Cumhuriyet tarihinde yapılanların tamamını üçe, beşe, ona katlayarak ülkeyi 2023 gayelerinin eşiğine getirdiklerine dikkati çeken Erdoğan, “Sizlerden ülkemizi büyük ve kuvvetli Türkiye’nin sembolü olarak görmüş olduğumuz 2053 vizyonuyla buluşturmanızı bilhassa bekliyoruz. Rabb’im yar ve yardımcımız olsun” diye konuştu.
ondan sonrasında gençlerin sorularını yanıtlayan Erdoğan, Ağrı’dan bir gencin, “Ülkemizde yaygın olarak yaş ilerledikçe erkek çocuklar babalarına emsal biçiminde bir inanış var. Buna katılıyor musunuz, ömrünüzde buna örnek verebilir misiniz?” sorusu üzerine, herkesin başka bir dünya olduğunu söylemiş oldu.
ötürüsıyla her çocuğun başka bir karakterinin olduğuna işaret eden Erdoğan, “Genlerden dolayı fiziki manzara, fıtrattan dolayı da davranış olarak çocukların babaları yahut annelerine benzemeleri çok olağandır. Erkek çocuklarının yaş ilerledikçe babaya benzedikleri kanaatinin ise olgunlaşmanın getirdiği bir sonuç olduğuna inanıyorum. Birden fazla aile üzere bizde de çocuklarımızı bana yahut eşime benzetenler daima olmuştur. Bir insanın anne yahut babasına benzetilmesini de gurur ve yani bilhassa de bir yaklaşım olarak görüyorum” sözünü kullandı.
İzmir’den bir gencin, birinci çocuğunu kucağına aldığında ne hissettiğini sorması üzerine Erdoğan, “Artık birtakım hissiyatlar vardır ki onları kelamla tabir etmek mümkün değildir. Bizim de olağan yaş 67 oldu lakin yaşlı sayılmam yani. Çocuk sahibi olmak da tanımı mümkün olmayan hislerden bir adedidir. İnşallah ileride sizler de çocuk sahibi olduğunuzda bunu anlayacaksınız.
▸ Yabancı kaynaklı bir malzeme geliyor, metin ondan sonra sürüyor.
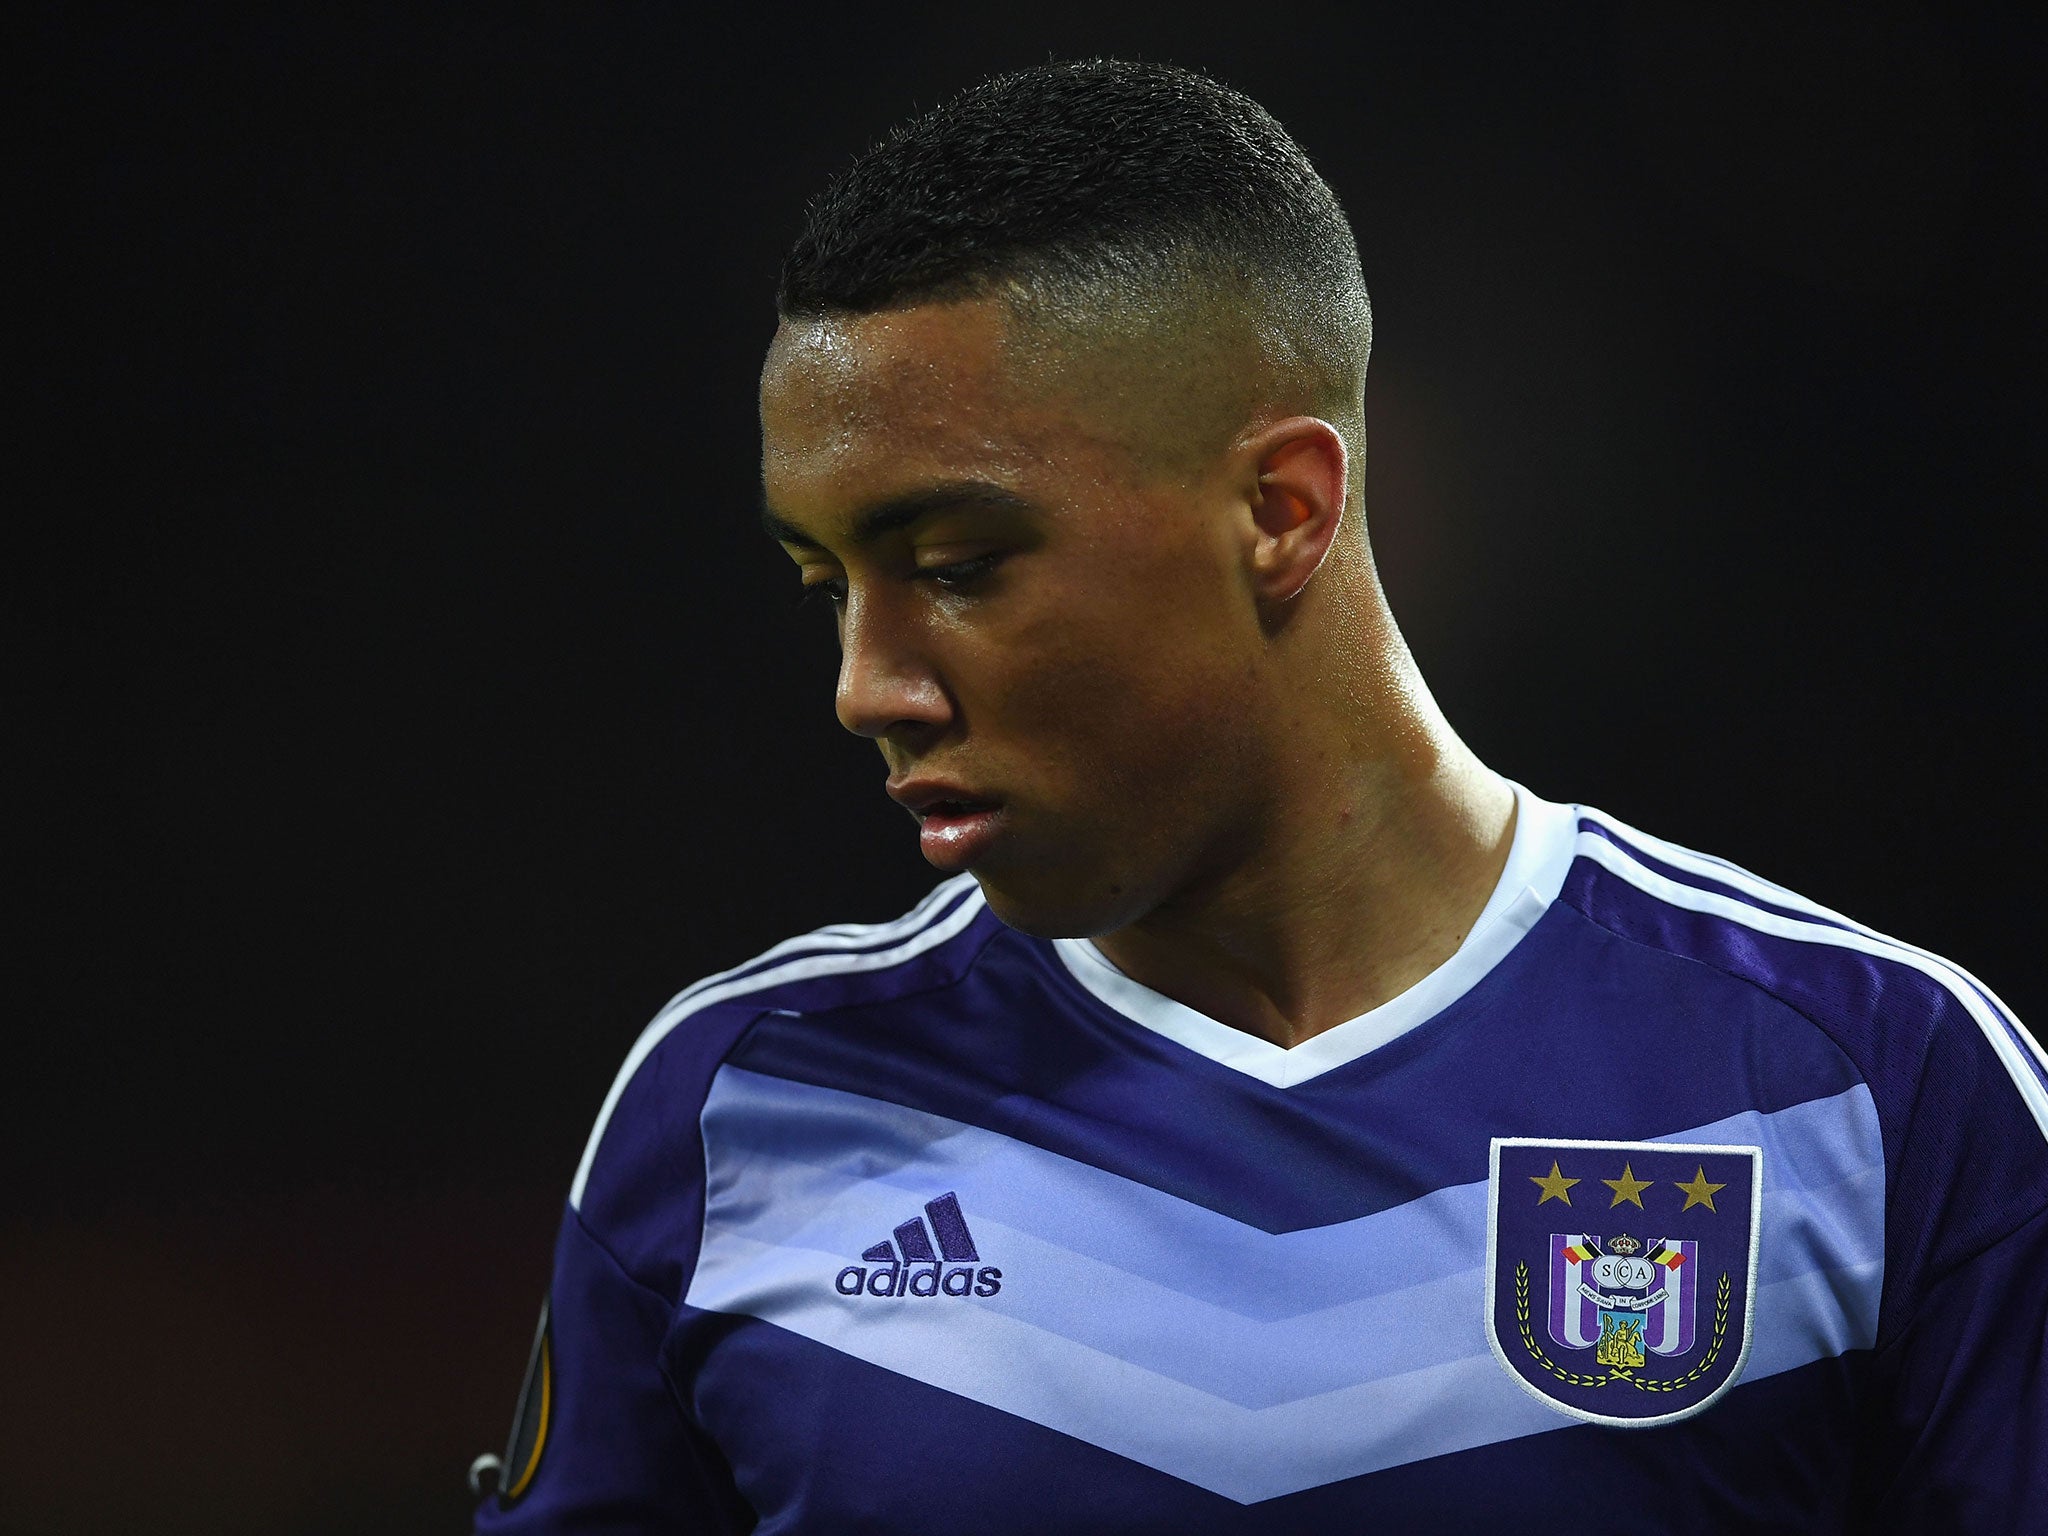 Youri Tielemans has started to make a name for himself

Rabb’im bu hoşluğu her aileye her bireye yaşatsın” dedi.
Cumhurbaşkanı Erdoğan, Koceli’den bir gencin, “(Baba olunca anladım) söylemiş olduğiniz bir hatıranız var mı?” sorusuna ise, “Anne yahut baba olma olayı, insanın hayatının daha evvelki hiç bir devresinde karşılaşmadığı bir sorumluluk. Cetlerin her kelamı üzere bu tabir de kuşaklara sari deneyimlerin süzülüp gelen bir irfanın tezahürüdür. Bizim de kendi dünyamızda bunu hem babamıza hem evlatlarımıza karşı hayatışlığımız olağan olarak vardır” cevabını verdi.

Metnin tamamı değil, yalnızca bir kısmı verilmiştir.